Worry consists of negative thoughts, images and emotions crossing our mind, often associated with stress and anxiety. Everyone experiences worry at some point and some more than others, but it’s important to remember how much this negative energy can affect you over time. To worry less, try to establish habits for positive thinking that you can build on and embrace for a happier existence.
Find the clarity. The next time you find yourself in a worry-induced state, ask yourself simple questions. What is the likelihood of this happening? Is it realistic? If it happened to come true, how can I deal with it? Answering these questions forces you to stop and reflect, helping to clear your mind.
In their shoes. Often worry comes from not knowing what others are thinking; specifically, worrying if you are being judged. When this happens, try to see it from their point of view. If roles were reversed would you judge or criticise them in that moment? Try to remind yourself that the thought most likely didn’t even cross their mind.
Put pen to paper.
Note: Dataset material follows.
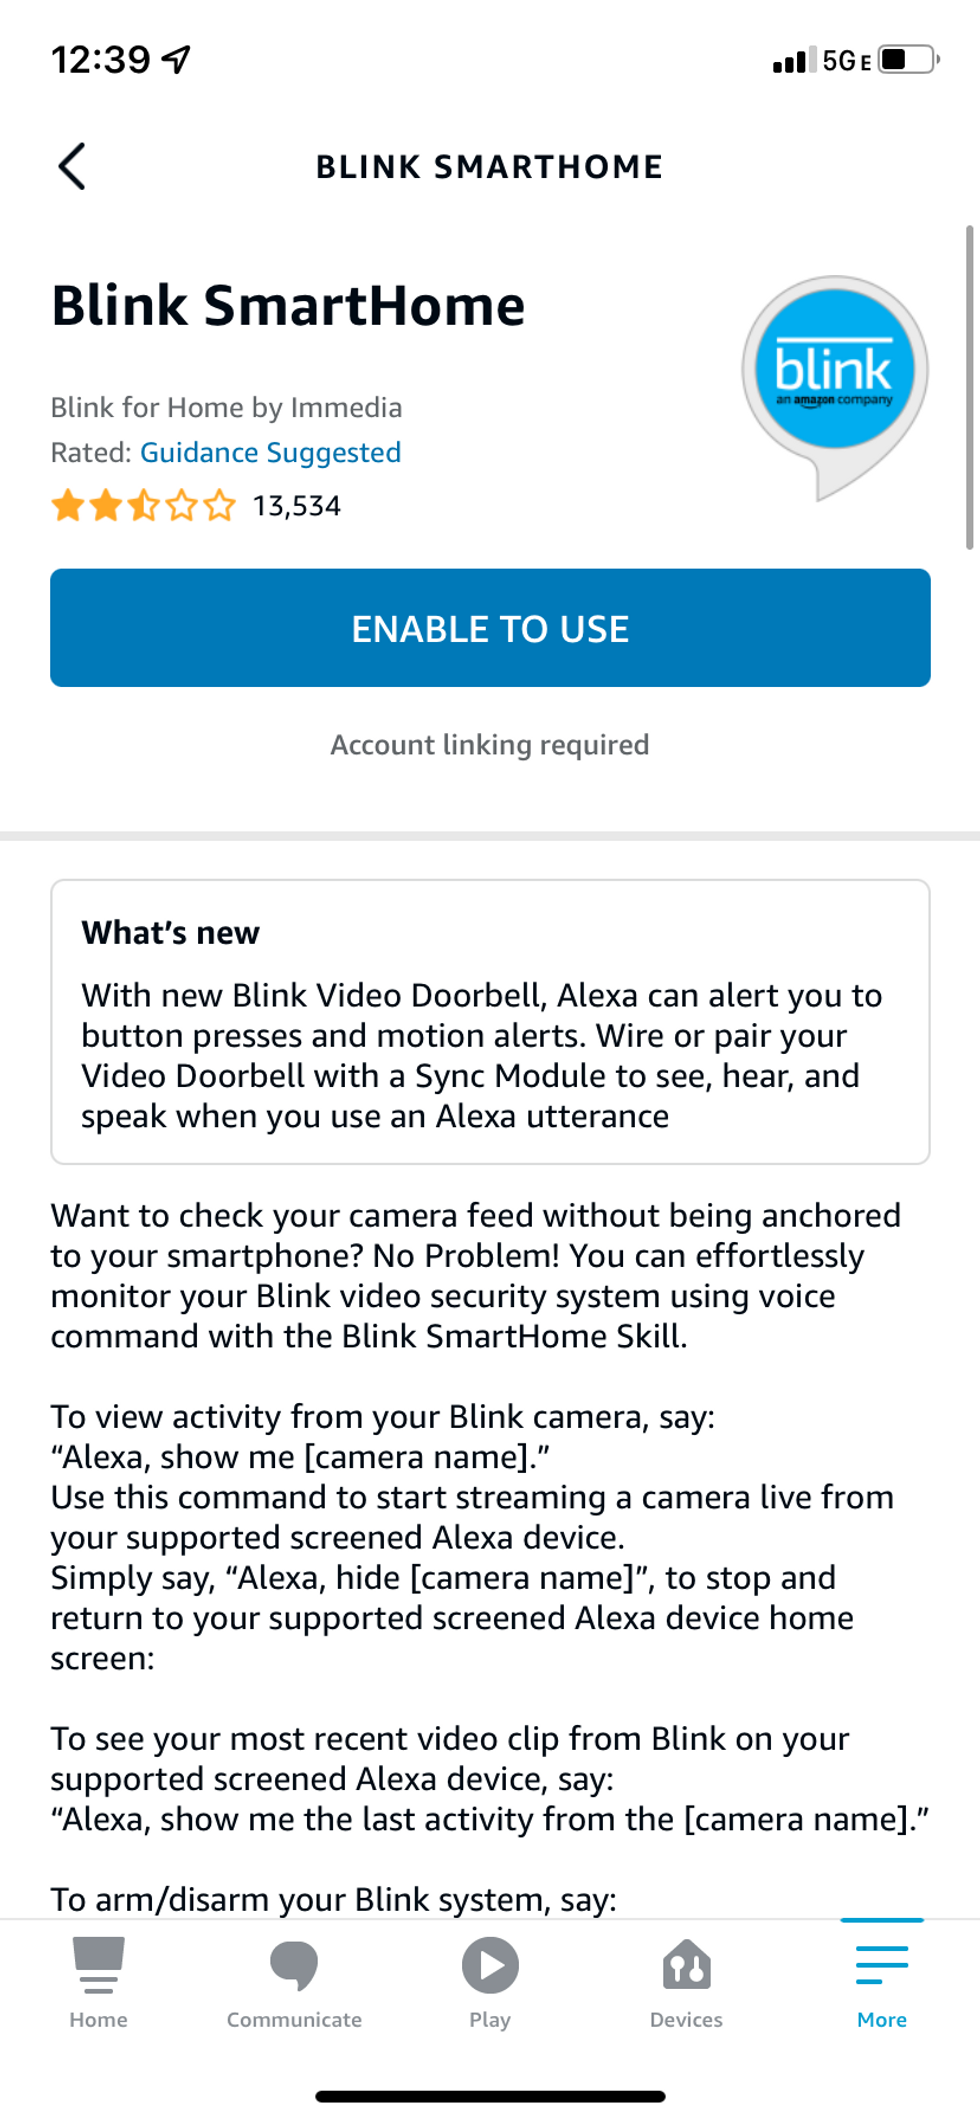 screenshot of enabling Alexa skill for Blink in Alexa app

Writing down our thoughts and feelings can be extremely beneficial for our wellbeing, especially when worrying about an event or a decision. Find time to sit quietly and write down what has been on your mind, maybe even creating a pro/con list or dot pointing your thoughts. Once the thoughts are no longer just in your mind, you may be able to articulate a solution.
Get moving. One of the most effective ways to escape worrying thoughts is to distract the mind. Taking time away from a repetitive thought by exercising, socialising, working or finding a hobby can work wonders for a worried mind, and possibly help you gain some perspective.
If you find yourself often struggling with worry it is always best to talk to someone. Speak with family or friends; however, if the problem is more serious don’t hesitate to contact a mental health professional or organisation for further help.